2. Liability to Deduct Tax at Source on Payments Made to a Non-Resident Company:
The Department also contested the CIT(A)'s decision that no tax should be deducted at source on payments made to a non-resident company, Lurgi GmbH, under an agreement approved by the Government of India. The payments were for the services of foreign technicians deputed to India. The assessee argued that under Article XII of the DTAA between India and Germany, the payments were not taxable in India as all conditions set out in the DTAA were satisfied.

The Tribunal reviewed the facts and found that the payments were indeed reimbursements for remuneration, benefits, and other expenses payable to the deputed foreign technicians. The CIT(A) had concluded that the payments were in the nature of salary income for the technicians and were not subject to Indian tax under the DTAA. The Tribunal noted that the conditions of Article XII(3) of the DTAA were satisfied, as the technicians were not present in India for more than 183 days, the services were rendered for a resident of Germany, the remuneration was subject to German tax, and the remuneration was not deductible in computing the profits of an enterprise chargeable to Indian tax.
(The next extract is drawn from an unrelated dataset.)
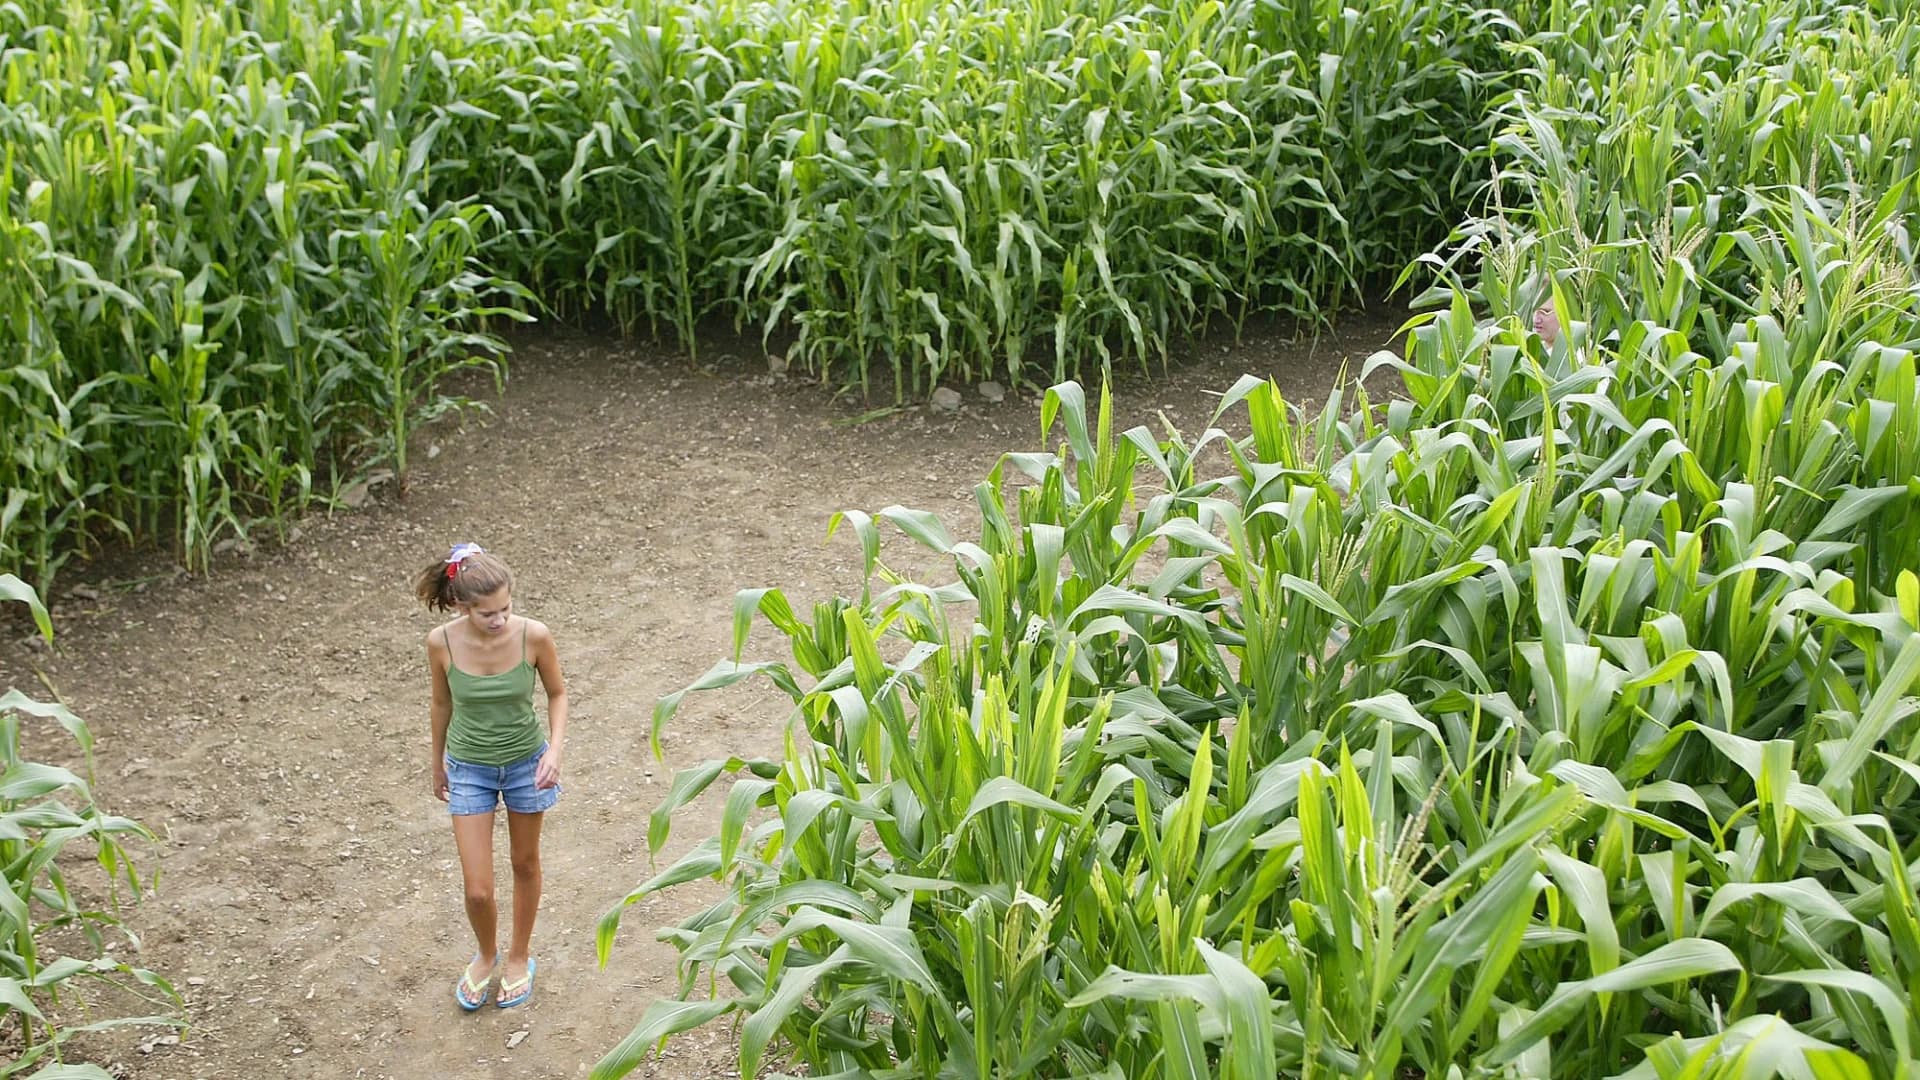 Guide: Get lost in these cornfield mazes around Long Island

The Tribunal also referenced the Delhi High Court's decision in CIT vs. Bharat Heavy Electricals, which supported the CIT(A)'s findings. The Tribunal concluded that the CIT(A)'s decision was correct and upheld the order, dismissing the Department's appeals.

Conclusion:
The Tribunal dismissed all 13 appeals filed by the Department. The CIT(A)'s rectification of the order under Section 195 was upheld, and the decision that no tax should be deducted at source on payments made to the non-resident company under the DTAA was confirmed. The Tribunal relied on relevant case law and the provisions of the DTAA to reach its conclusions.